# What should be in your regression?

Saturday September 12, 2020

If you're fitting a model in the hopes of better understanding the
effect of *x* on *y*, then including another predictor variable *z*
could be necessary, or could be harmful. Deciding whether to control
for *z* depends on identifying how the variables are causally related.

- Simple direct causation
- Mediated causation: don't control for
*z* - Common cause (confounding): control for
*z* - Common effect (collider): don't control for
*z* - More complicated cases

These examples vary the data generating process (which isn't possible
in practice) in order to illustrate what happens in each case when you
do or don't control for *z*.

The R code uses random normal data, additive relationships, and linear regression. With real data and processes, other modeling methods may be more appropriate.
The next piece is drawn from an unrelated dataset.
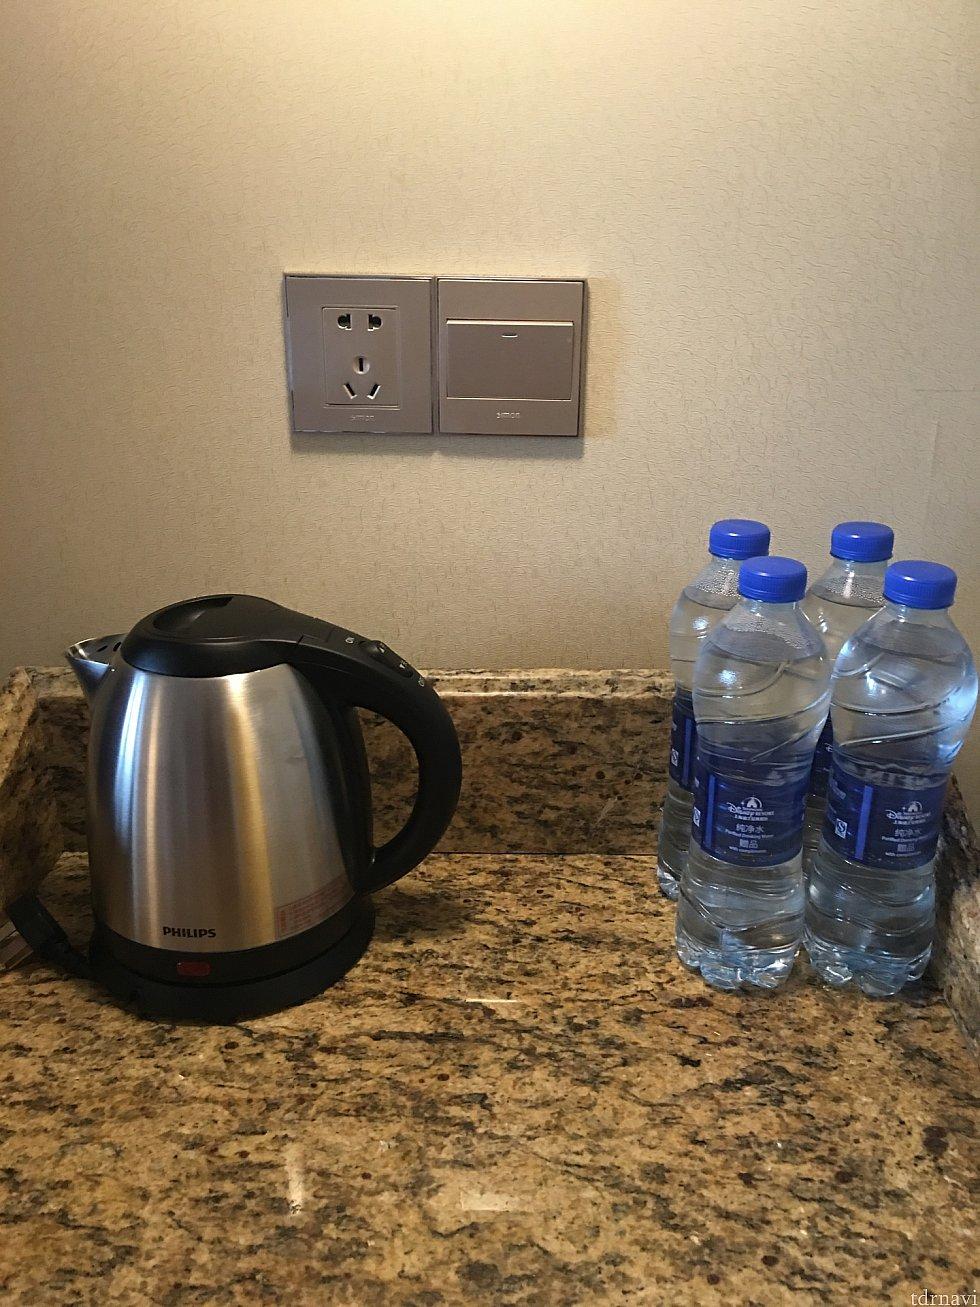 お水は6本毎日補充されます。(洗面所に2本歯磨き用ですね)最近の電化製品であればコンセントにそのままさせます。変換プラグ不要  電圧を確認してくださいね〜

### Simple direct causation

Say the reality is that *x* influences *y* (not the reverse) and no
other variables are involved.

```
x = rnorm(100)
y = x + rnorm(100)
summary(lm(y ~ x))
## Estimate Std. Error t value Pr(>|t|)
## x 1.07747 0.11931 9.031 1.53e-14 ***
```

The estimate of 1.077 is close to the true value of 1. The very low
p-value (with three stars) indicates confidence that there is a
non-random relationship between *x* and *y*.

### Mediated causation: don't control for *z*

Here, the reality is that *x* influences *z*, which then influences
*y*.

In this case, *x* really does influence *y*, so you're right to look
for the relationship. And it might be tempting to control for *z*,
perhaps because of a desire to “isolate” the effect of *x*.
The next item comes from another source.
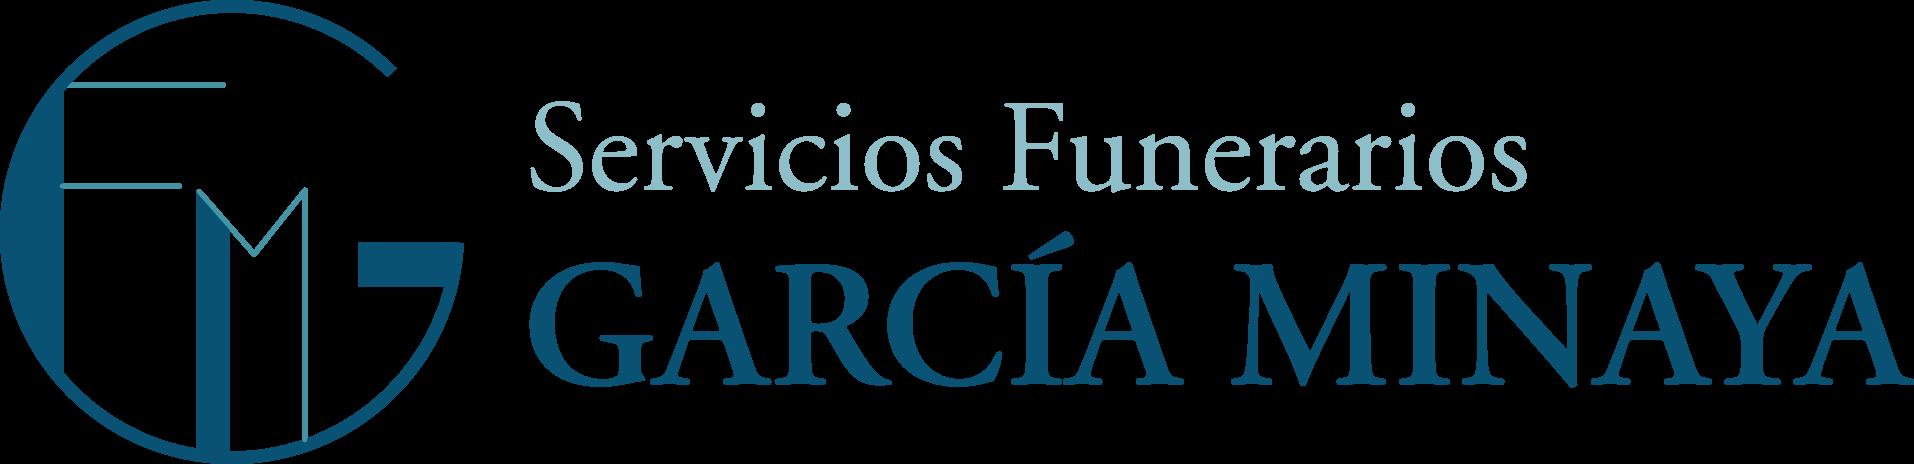 Funeraria García Minaya

If you include *z* in your regression, the desired estimate of the
effect of *x* will disappear.

```
x = rnorm(100)
z = x + rnorm(100)
y = z + rnorm(100)
summary(lm(y ~ x + z))
## Estimate Std. Error t value Pr(>|t|)
## x -0.146874 0.135695 -1.082 0.282
## z 1.127586 0.087819 12.840 <2e-16 ***
```

Including *z* makes it appear that *x* has no significant influence on
*y*, which is incorrect.

```
summary(lm(y ~ x))
## Estimate Std. Error t value Pr(>|t|)
## x 1.11140 0.15343 7.244 1e-10 ***
```

Leaving *z* out gives a good estimate of the effect of *x*.

### Common cause (confounding): control for *z*

In this case, the reality is that *z* influences both *x* and *y*,
which are otherwise unrelated.

This is an extreme example, in the sense that you'd be totally wrong
to look for an effect of *x* on *y* in this case. The case where
there's also a direct connection between *x* and *y* is similar, but
for simplicity this example doesn't have one.
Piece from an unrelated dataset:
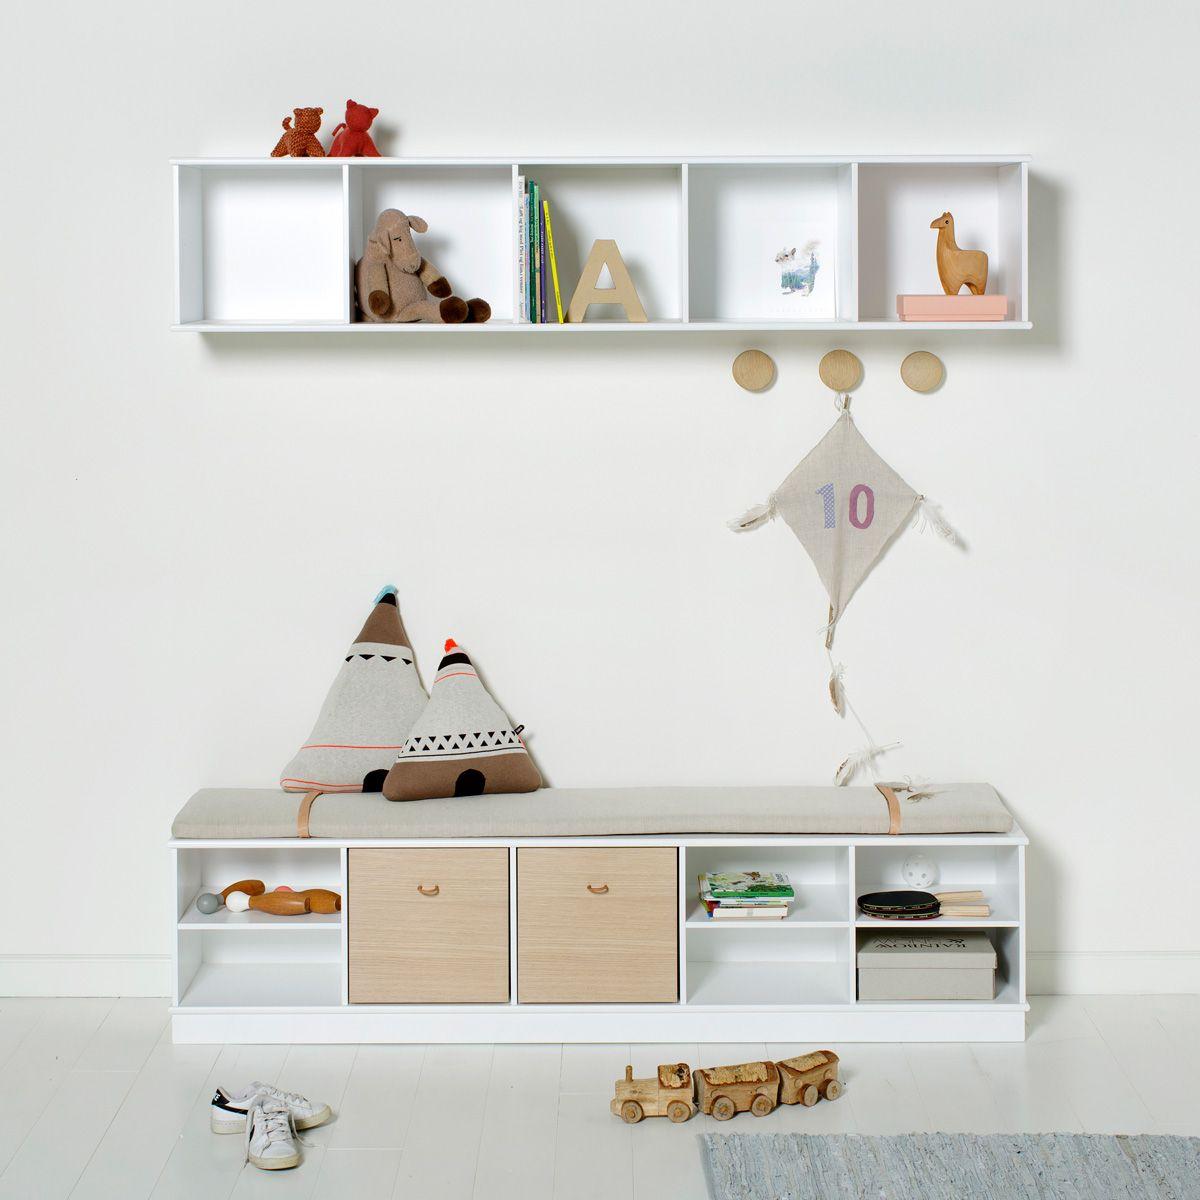 oliver furniture kids_shelving

If you don't include *z* in your regression, the relationship between
*x* and *y* could be misleading.

```
z = rnorm(100)
x = z + rnorm(100)
y = z + rnorm(100)
summary(lm(y ~ x))
## Estimate Std. Error t value Pr(>|t|)
## x 0.56257 0.10365 5.428 4.14e-07 ***
```

There is a relationship between *x* and *y*, but it's because of *z*,
not because of *x*. The regression result ignoring *z* could easily be
misinterpreted.

```
summary(lm(y ~ x + z))
## Estimate Std. Error t value Pr(>|t|)
## x 0.03608 0.10590 0.341 0.734
## z 1.05814 0.13556 7.806 6.93e-12 ***
```

With *z* in the model, the result correctly indicates that *z* is the
influencing factor.

### Common effect (collider): don't control for *z*

Here, the reality is that *x* and *y* are completely unrelated, but
they both influence *z*.

As with common cause, it's more interesting when
there's also a direct connection between *x* and *y*, but the behavior
is similar and this example keeps things simpler.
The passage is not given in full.